Ceci étant dit, aucun aspect du droit à la santé n’est respecté à Haïti. Qu’il s’agisse du fait de l’approvisionnement en eau potable et l’assainissement, de l’alimentation saine, de l’alimentation suffisante et le logement décent, des conditions environnementales saines et du travail, d’une éducation à la santé et la diffusion d’informations, de l’égalité entre les sexes ; à Haïti, tous ces éléments du droit à la santé comme un droit inclusif, sont une utopie. Qu’il s’agisse des libertés dans le domaine sanitaire, rien n’est encore mise en place à Haïti après ces 216 ans d’indépendance[13].
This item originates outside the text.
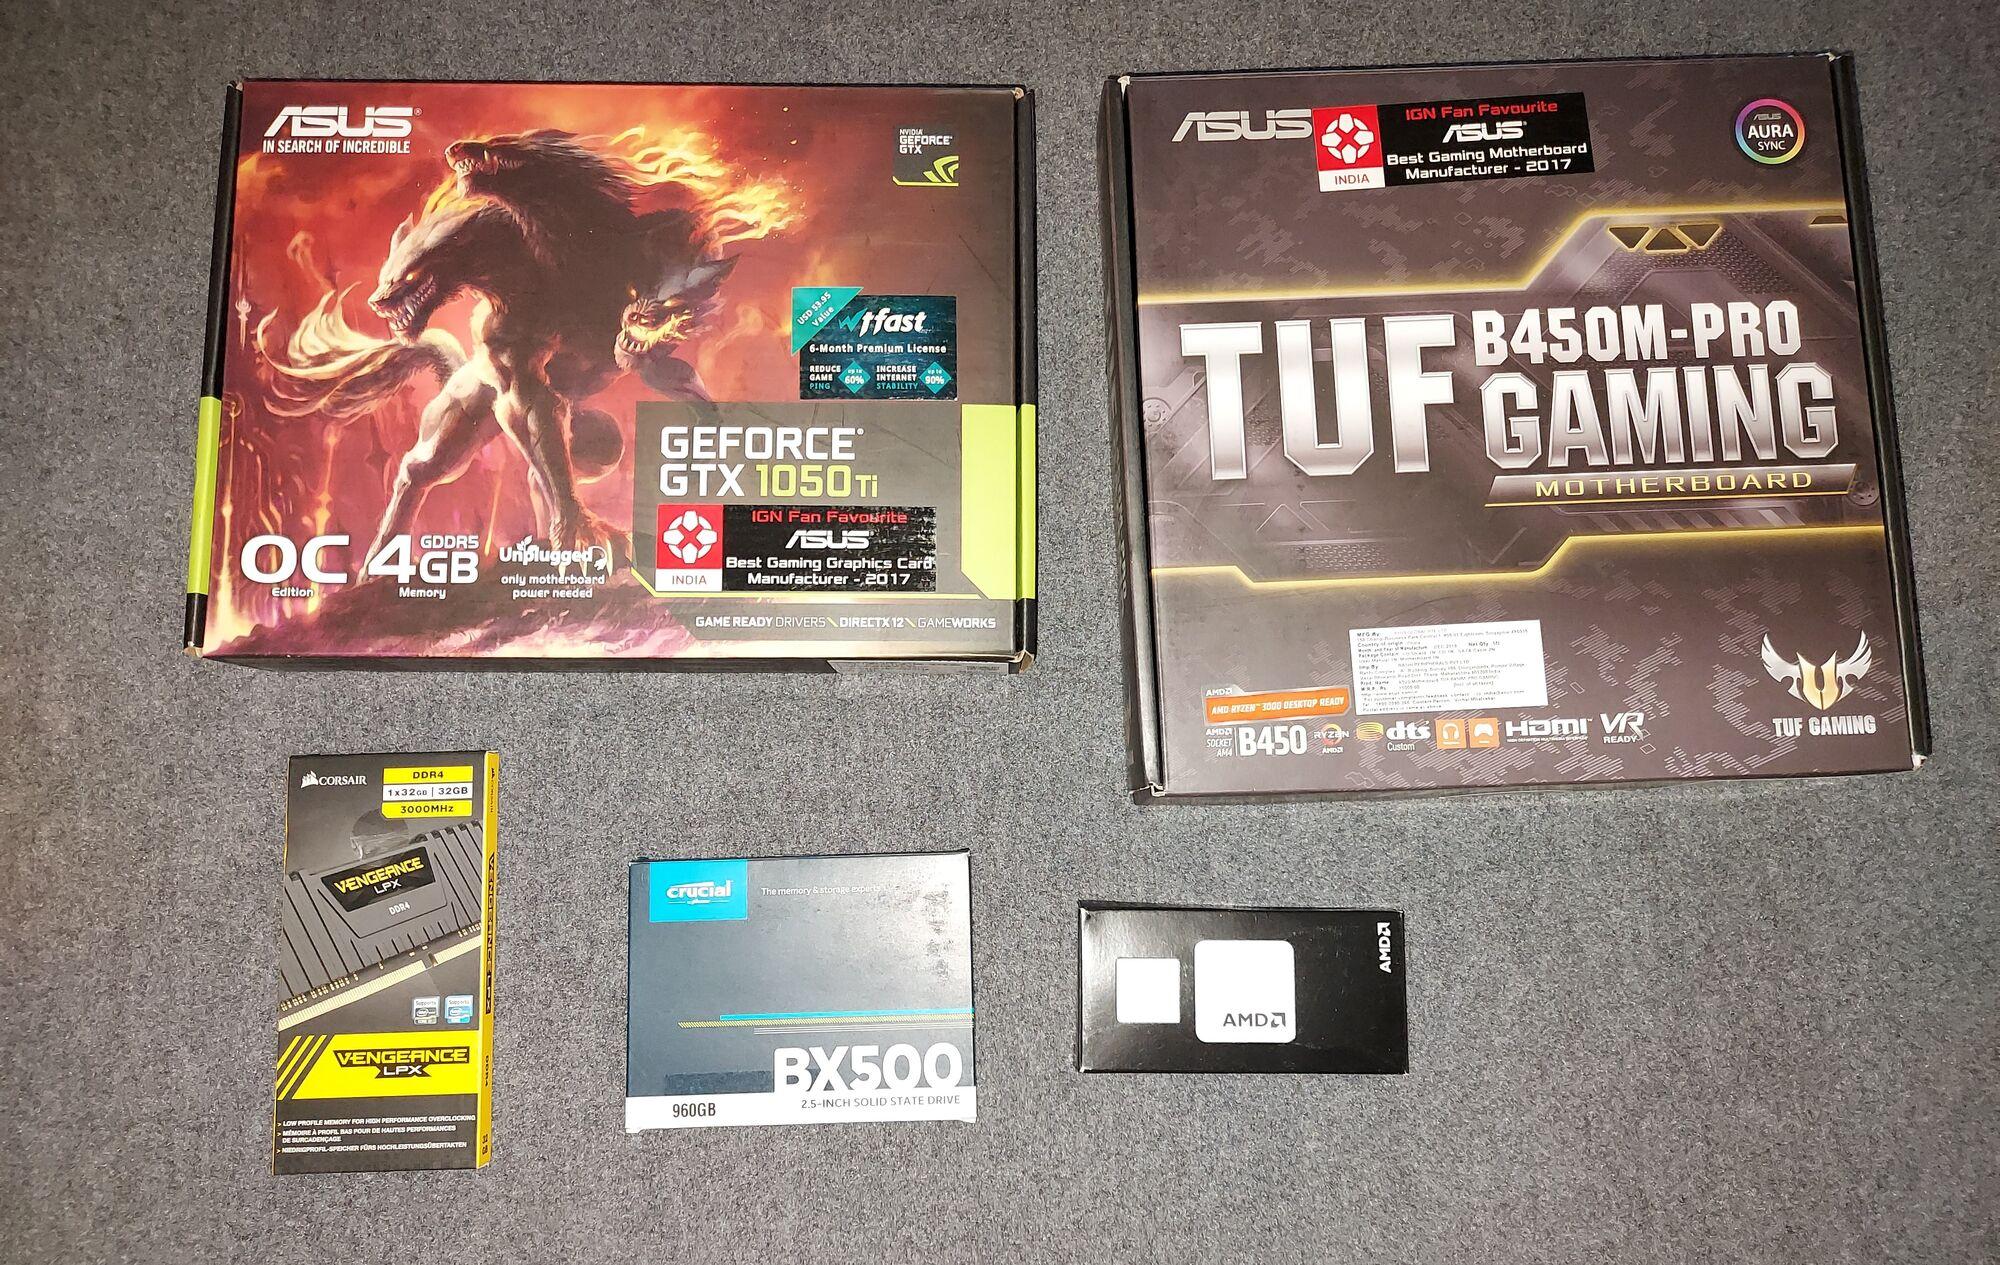 AMD Ryzen 7 3800X, ASUS TUF B450M-Pro Gaming Motherboard & ASUS Geforce GTX 1050Ti

Donc, de tout ce qui précède, nous confirmons que le droit à la santé à Haïti reste un rêve irréalisable jusqu’à maintenant. Ainsi, comme toutes les autres libertés publiques, le droit à la santé à Haïti se dégrade de plus en plus et n’a aucune signification aux yeux de nos dirigeants haïtiens en dépit du fait qu’aucun instrument juridique, que ce soit sur le plan national ou international, n’est mis en application. En effet, comment parler de l’effectivité du droit à la santé à Haïti, quand moins de 30% de la population seulement peuvent être soignés en cas de maladie ?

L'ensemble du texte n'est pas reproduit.